Удар был удачным. Портфель глухо шмякнулся на пол (так шмякается дерьмо на лопухами поросшем солнечном пустыре) и замер. Алла повернулась. Я улыбнулся. В руке у нее была авоська со спортивной одеждой и кедами. Она размахнулась, сумка влетела мне прямо в физиономию. Коридор и четырехугольник окна быстро качнулись вправо, рухнули вниз и рассыпались там подлым звоном осколков. Колер остался тот же, но границы расплылись: окно перетекало в стены, стены — в коричневую форму Аллы, форма, да и вся Алла набухали красным бутоном галстука. Я стоял почти ослепший без очков, в ореоле запаха ног и подмышек главной пионерши класса, и понимал, что это все. Я кончился. Сквозь звон в ушах я услышал сосущий шепот: «Сорви, сорви его». Странно, но мы были одни, совсем одни в том коридоре. Я буквально нырнул на этот красный бутон и, когда наконец разнял руки, в каждой было (я чувствовал это на ощупь) по жалкой измятой тряпочке. Красный бутон лопнул; мои кулаки сжимали лепестки. И тогда я разжал их, и тряпки упали на пол.

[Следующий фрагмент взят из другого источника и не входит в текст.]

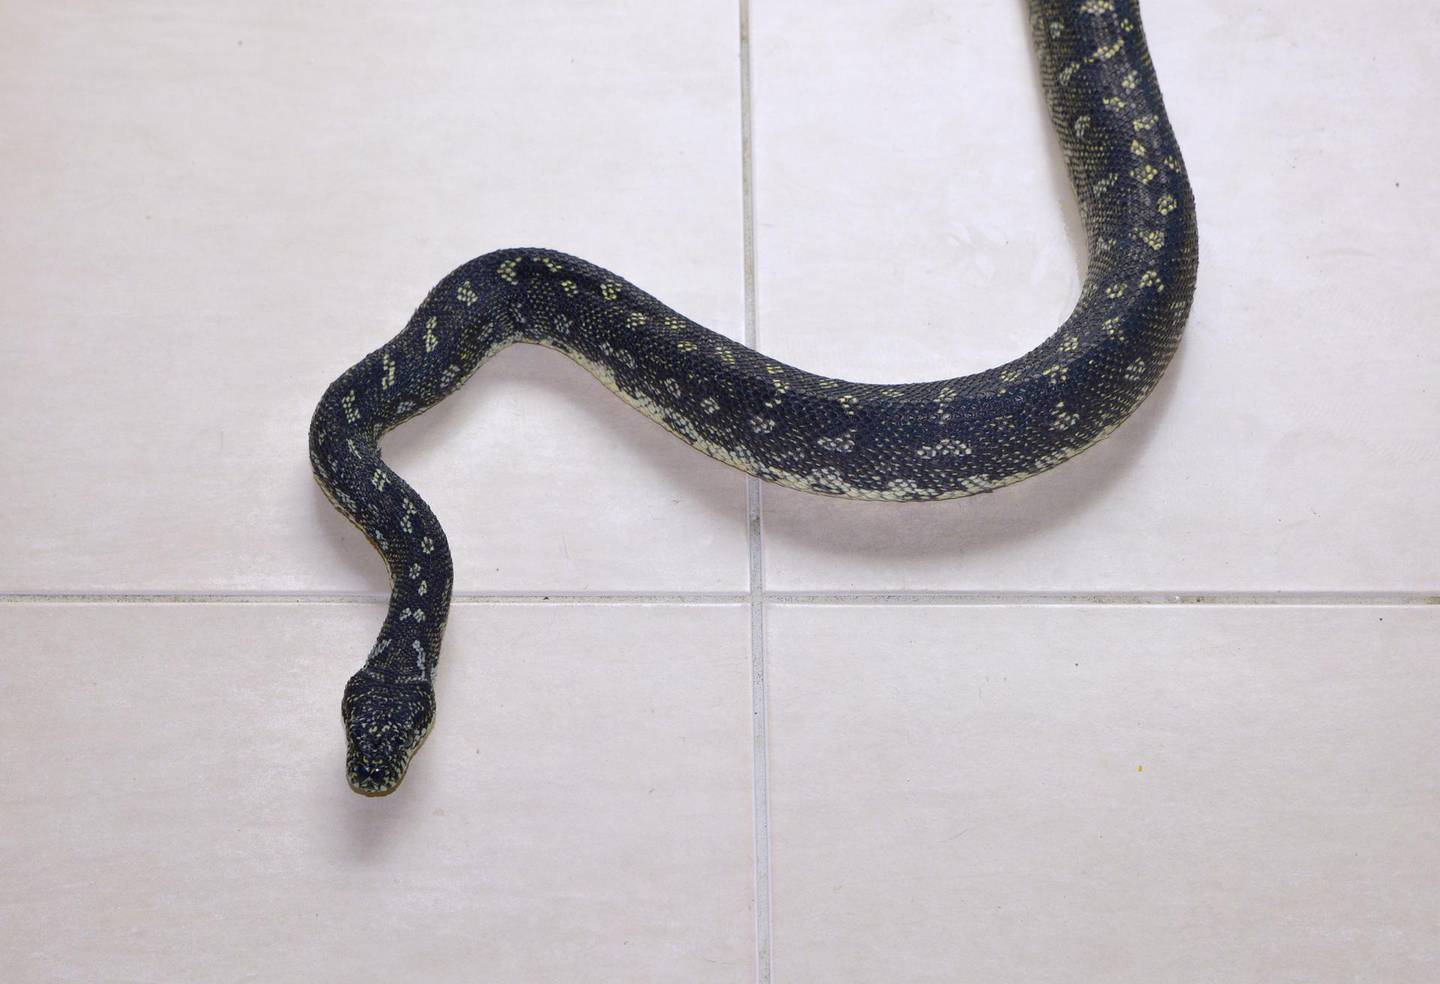 Poisonous snakes are regularly spotted in living spaces, which makes snake catchers such as Mark Pelley and Harley Jones vital to the community. Photo by Ronan O’Connell
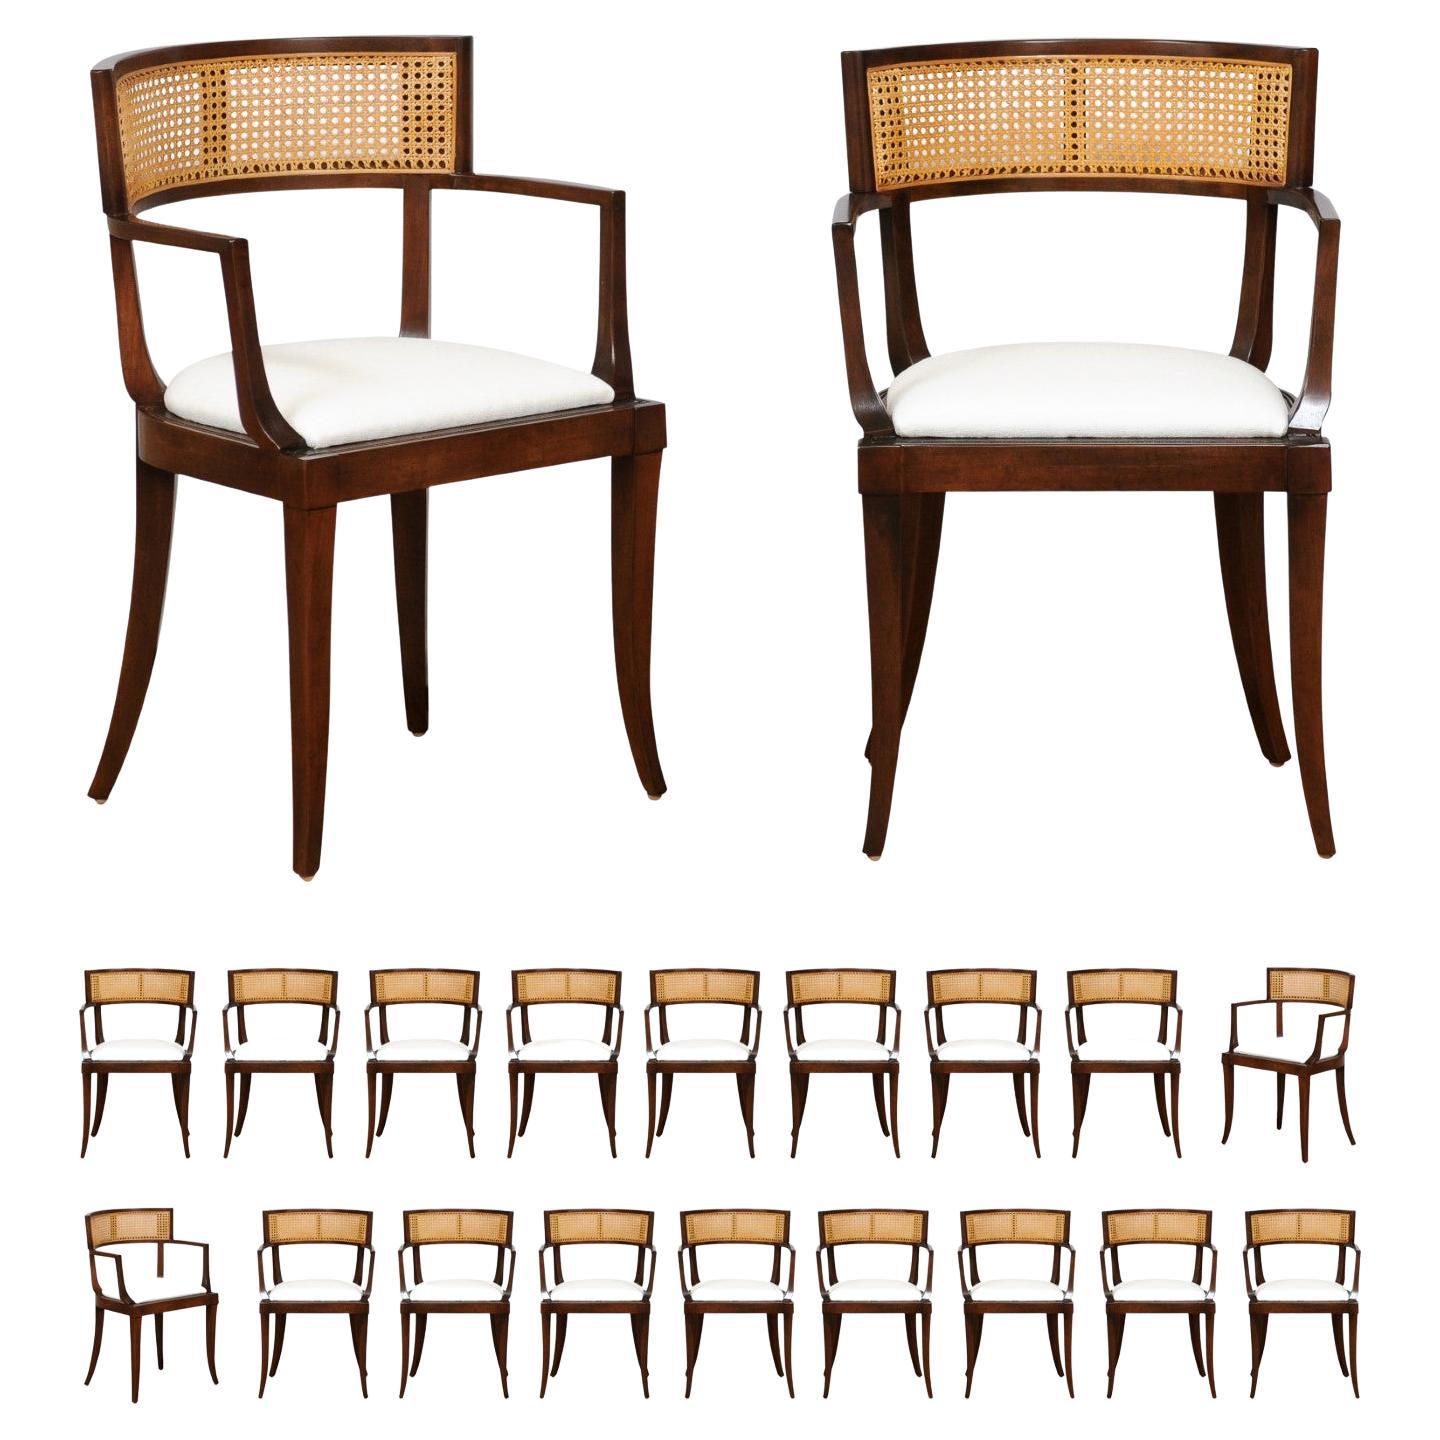 All Arms, Exquisite Set of 20 Klismos Cane Dining Chairs by Baker, circa 1958 For Sale

Пустой пыльный закоулок школы, освещенный вермееровским окном. Толстая школьница со священным ужасом уставилась перед собой. Я остервенело топчу остатки галстука и остатки своих очков. Вперемежку.

Письмо

Уважаемый мистер Сэлинджер! Писать Вам письма — занятие, характерное скорее для предпредыдущего поколения русских литераторов. Сколько историй о ненаписанных, написанных, неотправленных и отправленных Вам посланиях выслушал я в свое время! Некоторые рассказчики божились, что получили Ваши ответы, только вот, увы, в момент разговора драгоценных писем под рукой не было. Из этих повествований я сделал следующий вывод: Вы, мистер Сэлинджер, питаете особую склонность к моим соотечественникам, точнее, к соязычникам и сокультурникам, что неудивительно, вспоминая Вашу привязанность к назидательным сочинениям нашего мужицкого графа, к многословным сочинениям нашего заковыристого очеркиста. Прекрасно! Тогда, быть может, мое письмо хотя бы дойдет до Вас, что дает мизерный шанс на то, что оно будет прочитано Вами, а это, в свою очередь, позволяет окончательно не отчаиваться на предмет ответа. Чем Черт, в существование которого Вы явно не верите, не шутит! Если же ответа не будет, или, что вероятнее, Вы письма моего не прочитаете, или, что еще вероятнее, Вы его не получите, так как я, скорее всего, даже отсылать его не буду, то все ничего и никаких обид. Ведь дело, по которому я пишу, к Вам имеет отношение весьма отдаленное, быть может, совсем никакое; касается оно Ваших сочинений, а сочинение и сочинитель — существа равные. И отец за сына не отвечает.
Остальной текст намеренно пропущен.